Les associations écolos et les distributeurs se sont emparés du thème. Mais pas toujours de façon très habile…
Les associations écolos et les distributeurs se sont emparés du thème. Mais pas toujours de façon très habile…

Ça commence par une image choc. L’association Bloom, ONG qui entend préserver les écosystèmes sous-marins, déploie une campagne de publicité qui ne passe pas inaperçue : sous l’eau, alors qu’un bateau pêche au chalut, on assiste à un séisme comparable à une bombe atomique, tant les écosystèmes sous-marins sont détruits au passage des filets, dit en somme l'association Bloom. Une image « inacceptable » selon Fabien Dulon, directeur de la Scapêche et principal visé par cette campagne.

En même temps, une deuxième vague de communication contre cette pêche est déclenchée avec la BD de Pénélope Bagieu, qui explique de façon pédagogique, voire parfois démago, le drame de cette pêche…

 

La réplique de la Scapêche ne tarde pas.
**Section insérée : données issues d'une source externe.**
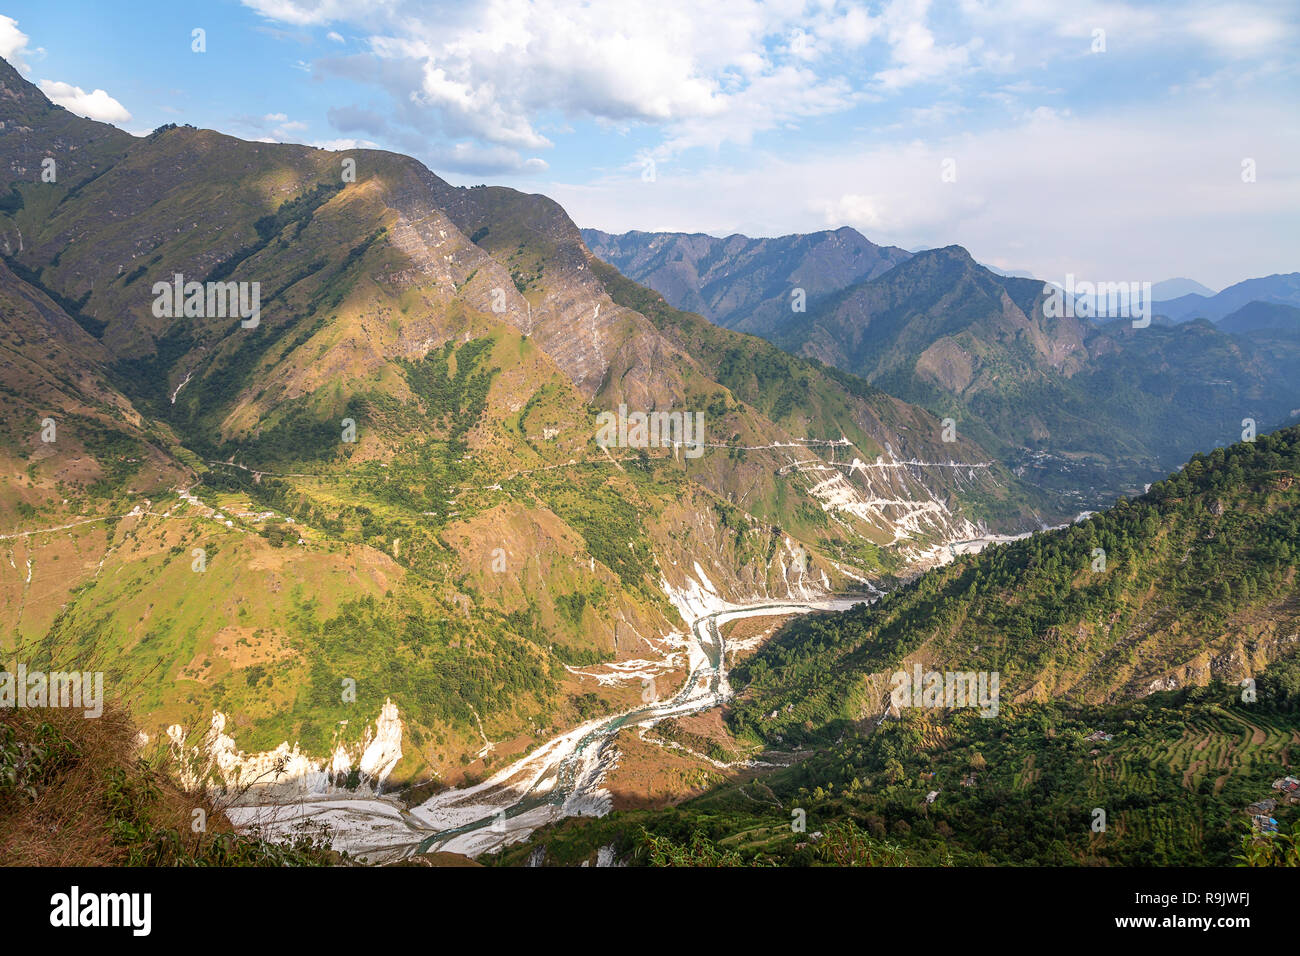 Vista aérea del valle del río de montaña con vistas panorámicas del paisaje cerca Kausani Uttarakhand. Foto de stock

Mais semble insuffisante…Intermarché s’enlise alors en adressant un communiqué nominatif à Claire Nouvian, fondatrice de Bloom. Les autres distributeurs ne tardent pas à s’emparer aussi du sujet : Casino envoie une lettre à Bloom dans laquelle elle stipule qu’elle arrêtera dès 2014 la commercialisation du brosme, du grenadier de roche et du sabre noir. Pour plus de précision, inutile de s’adresser à Casino, qui refuse de communiquer sur ce thème… et renvoie vers Bloom.

Carrefour prend quant à elle la même décision le 10 décembre au matin, soit le jour du vote au Parlement européen. Un timing choisi ? « C’est davantage l’engouement du public pour ce thème que le vote au Parlement qui a dicté notre décision. C’est surtout l’aboutissement de notre politique, car nous avions divisé par 4 nos approvisionnements depuis 2007 sur ces espèces » explique Hervé Gomichon, directeur qualité et développement durable chez Carrefour.